REQUIRED ACTION:
Starting from the line with "6d661bc36813 Lyst - Ferragamo", please copy exactly every line to the end of the listing, but not the pictures.

SUPPLIED DATA:
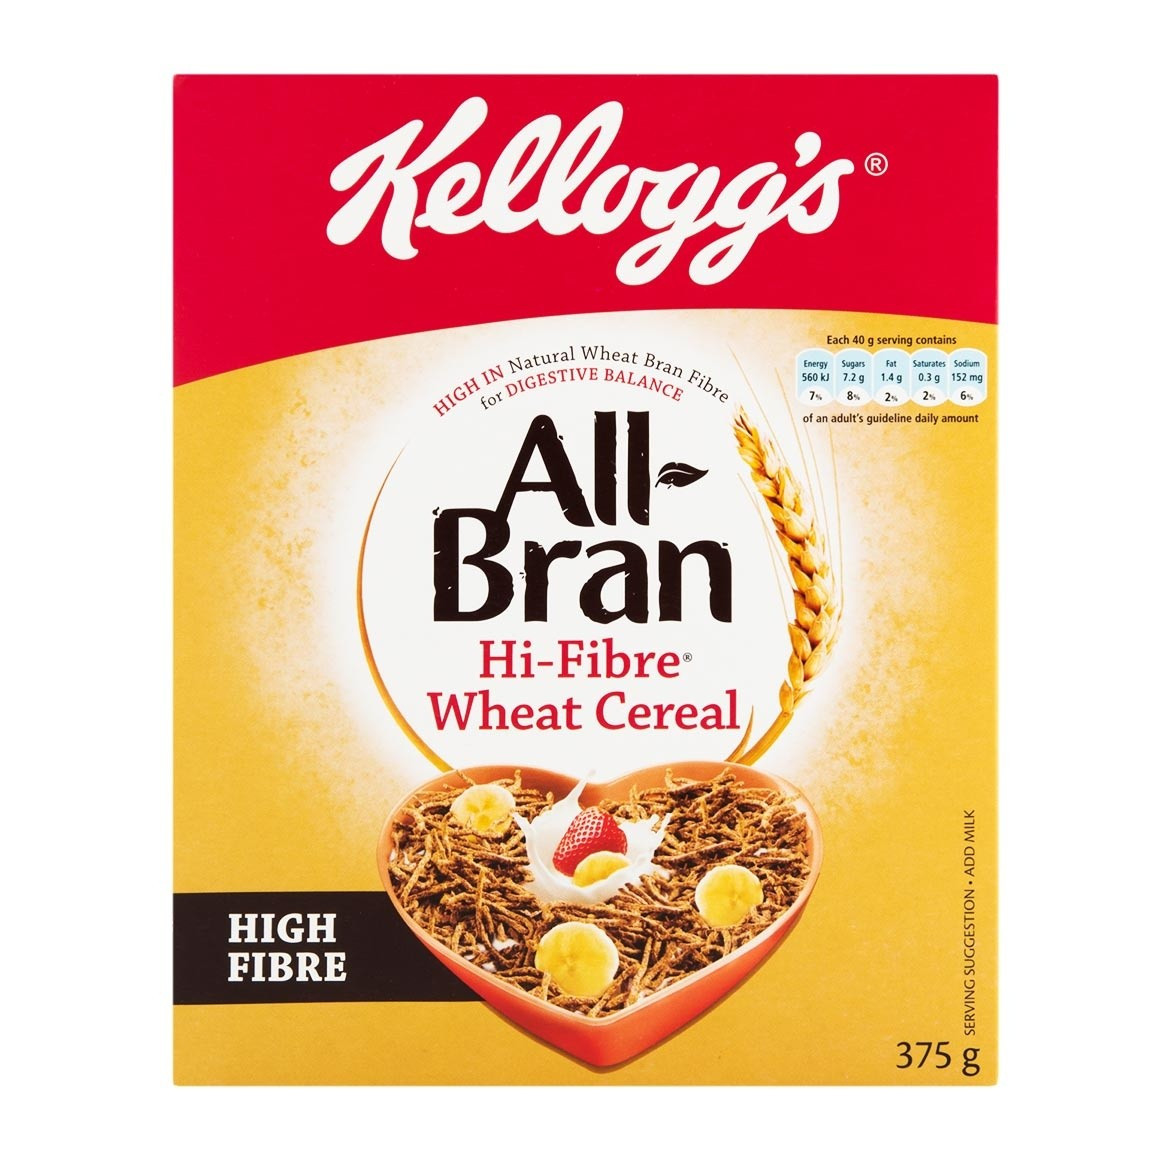 High Fibre Breakfast Cereals  high fiber breakfast cereal
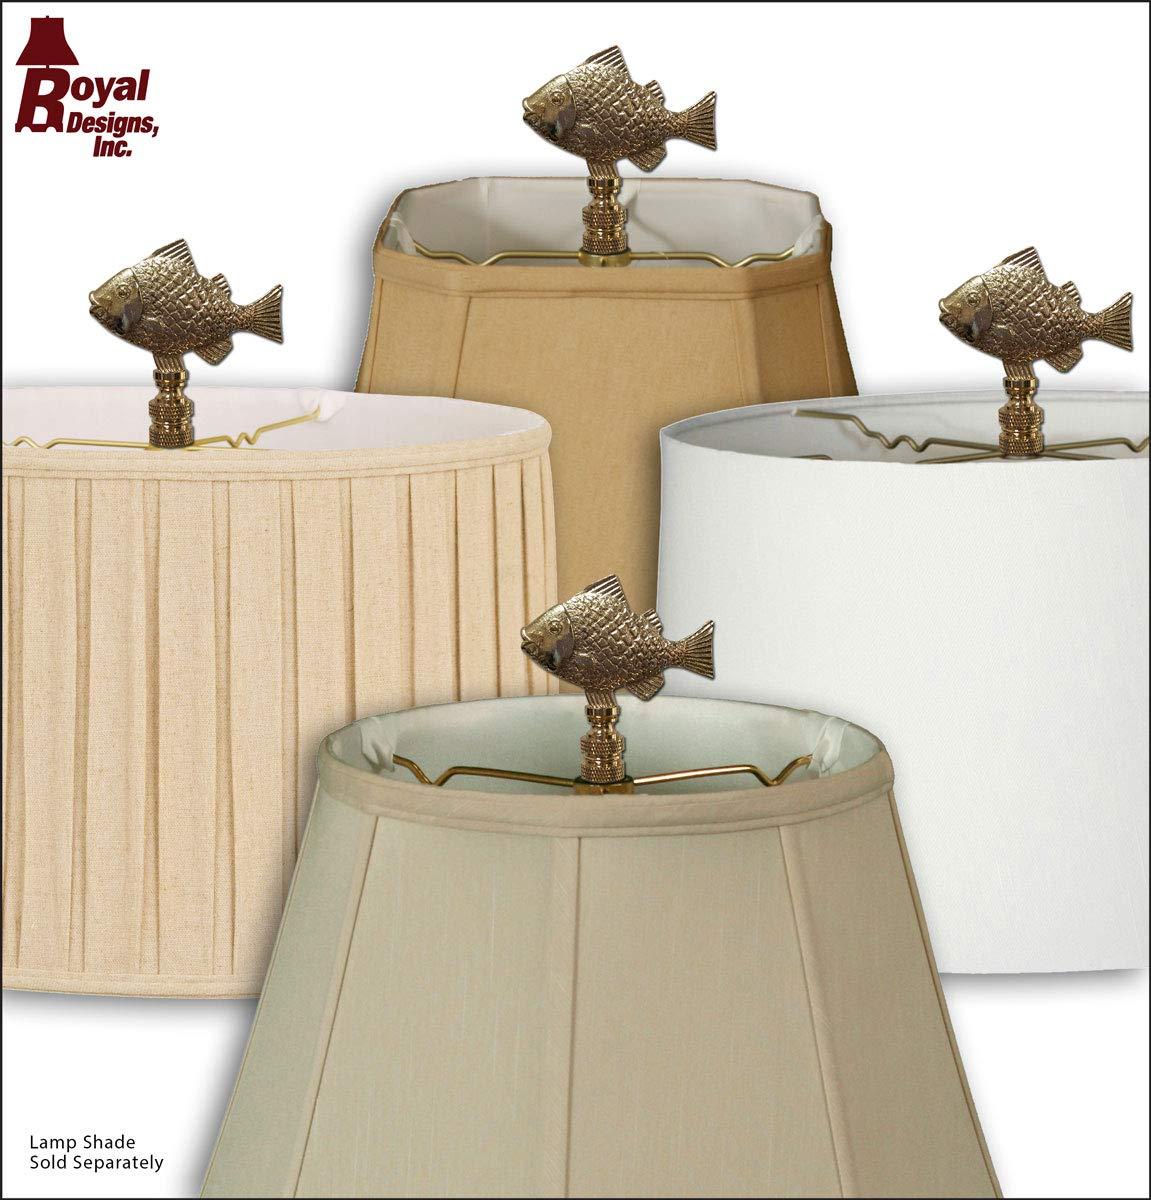 Royal Designs F-5067AB-2 Fish Design Lamp Finial Antique Brass Set of 2
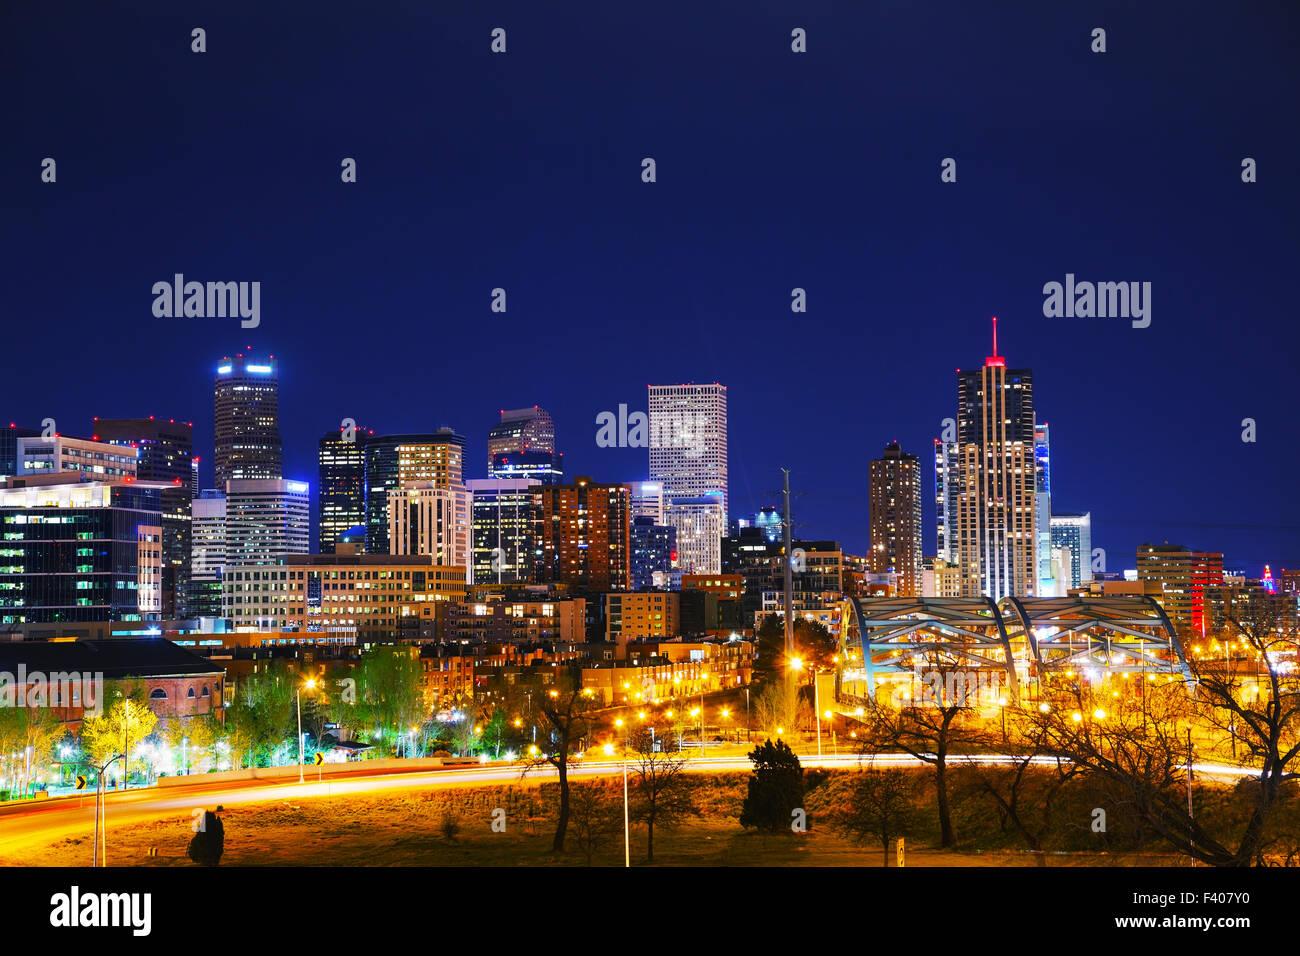 Downtown Denver, Colorado - Stock Image
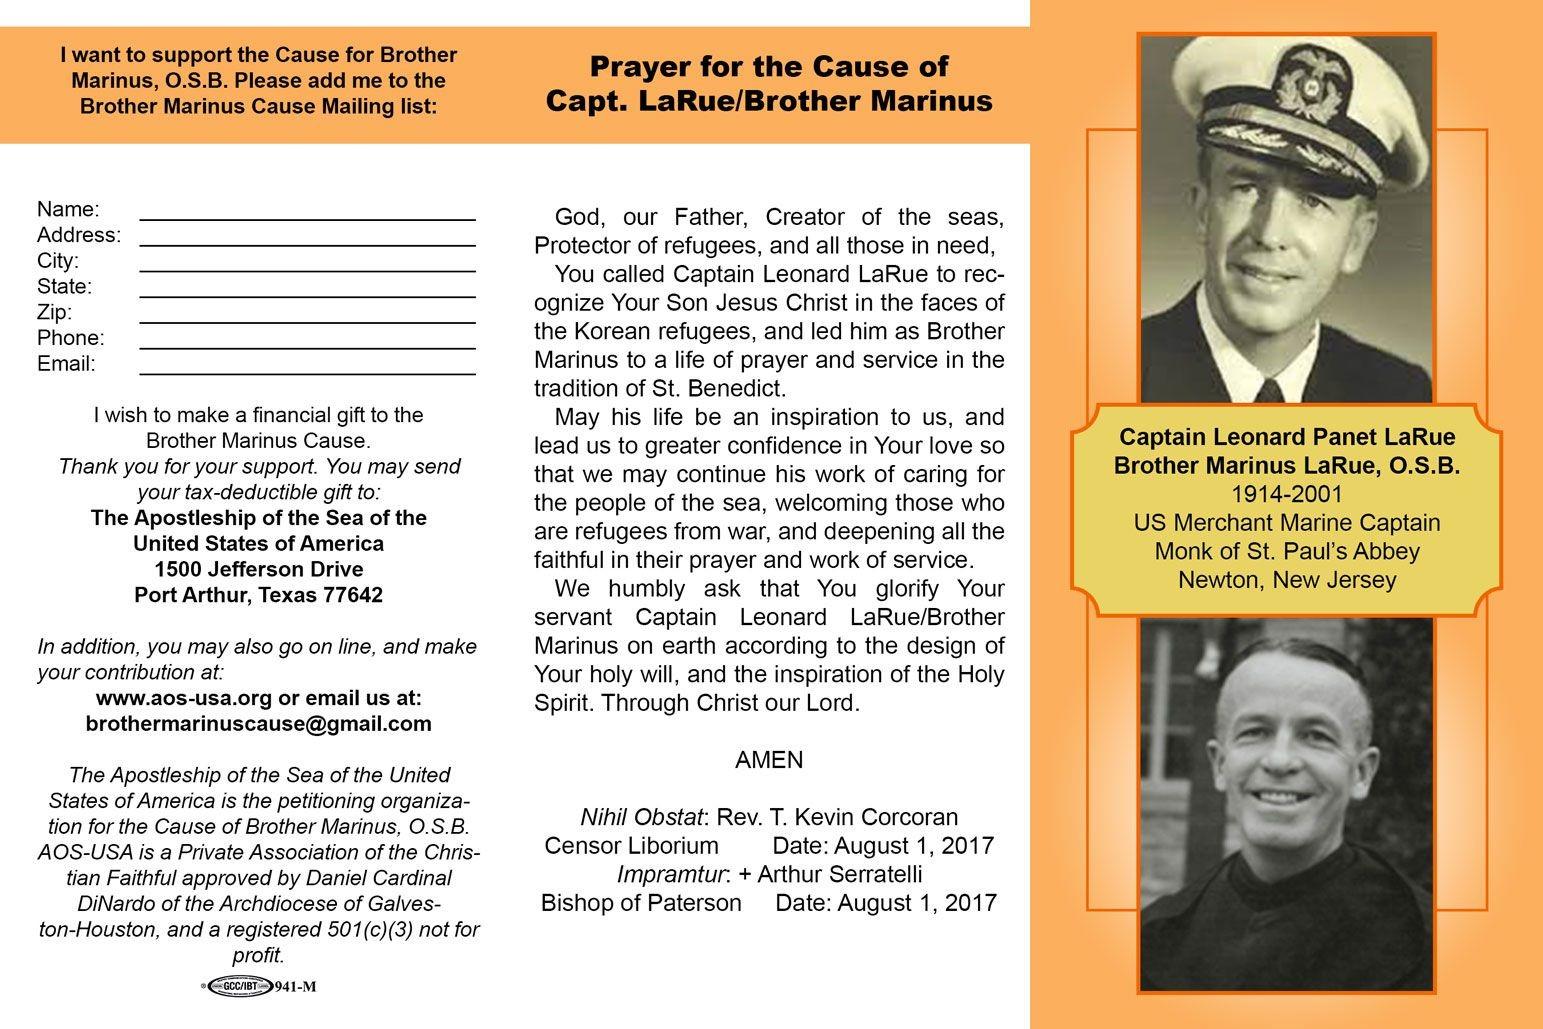 Brother Marinus prayer
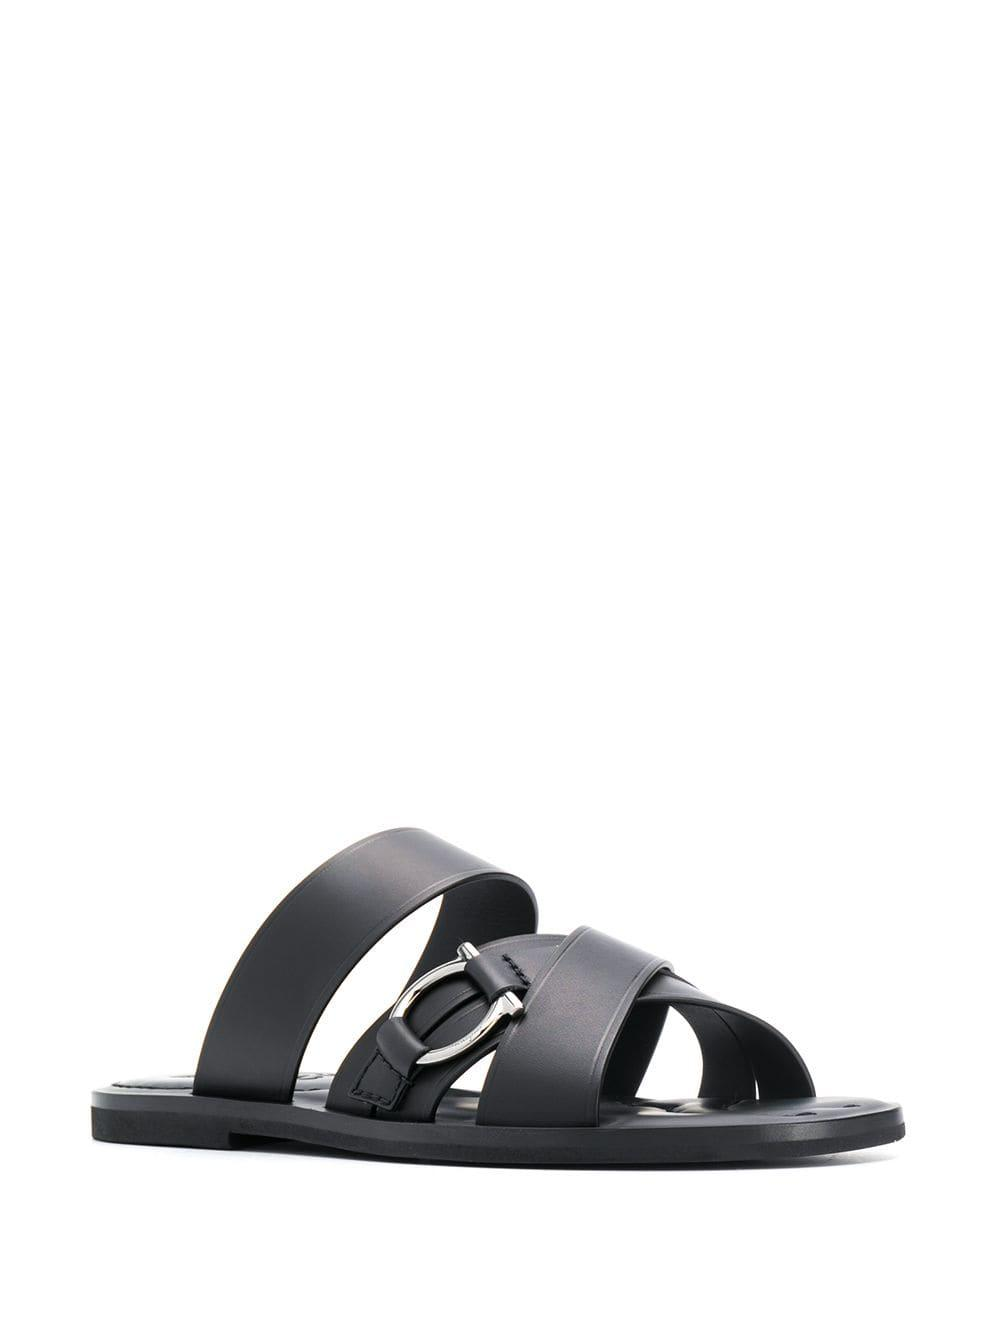 6d661bc36813 Lyst - Ferragamo Leather Sandals in Black for Men
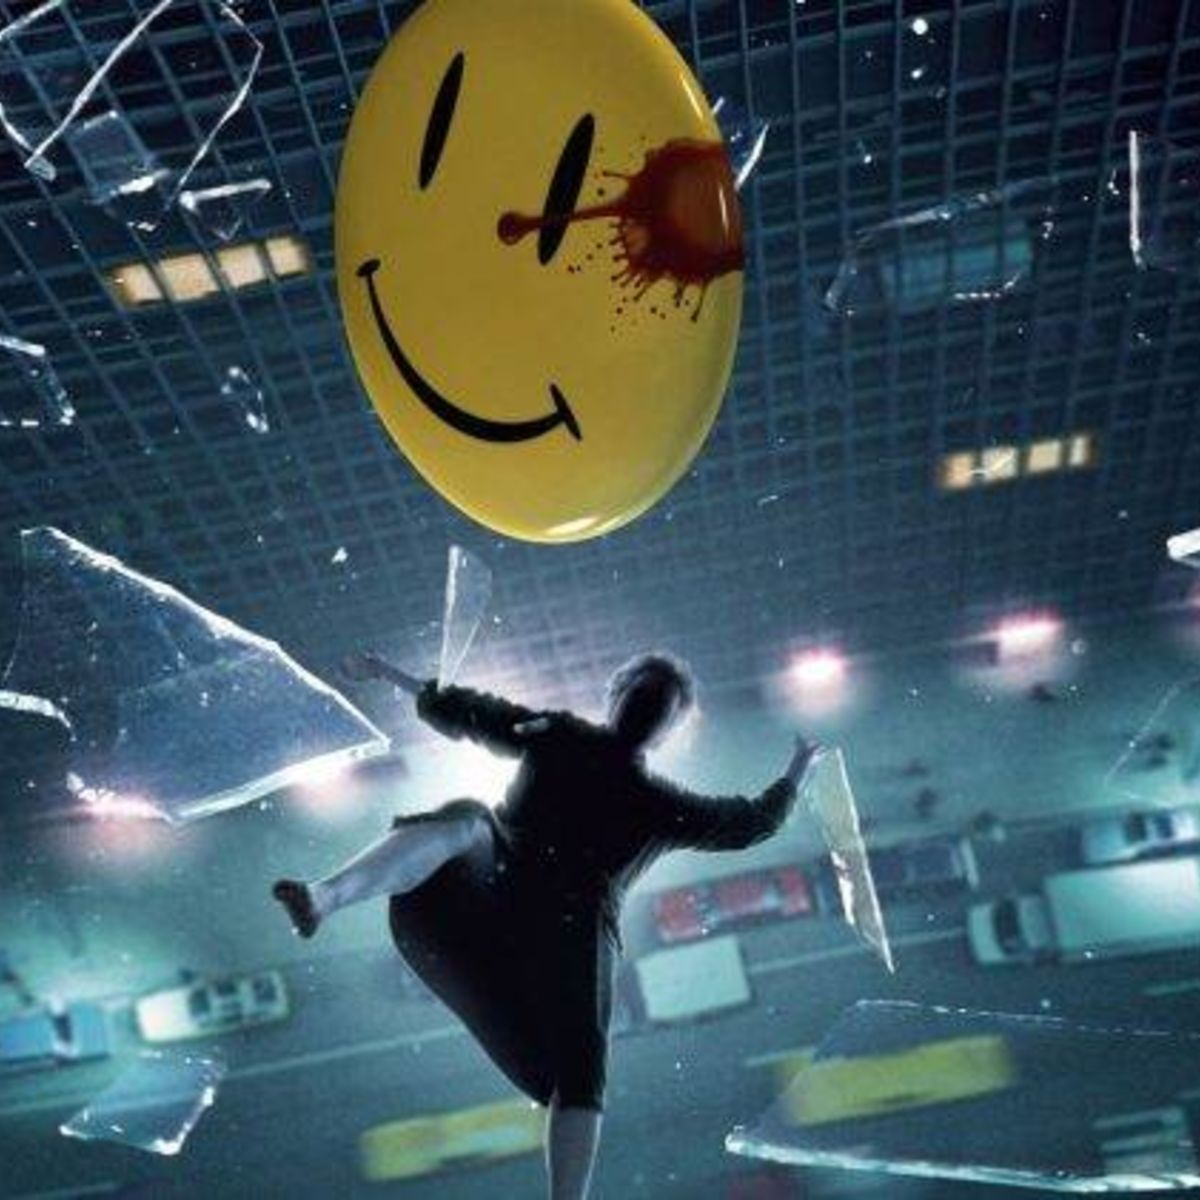 54126-movies-Watchmen-Jeffrey_Dean_Morgan-Edward_Blake-The_Comedian-falling-broken_glass-smiley-748x421.jpg

RESPONSE TO THE TASK:
 6d661bc36813 Lyst - Ferragamo Leather Sandals in Black for Men
 54126-movies-Watchmen-Jeffrey_Dean_Morgan-Edward_Blake-The_Comedian-falling-broken_glass-smiley-748x421.jpg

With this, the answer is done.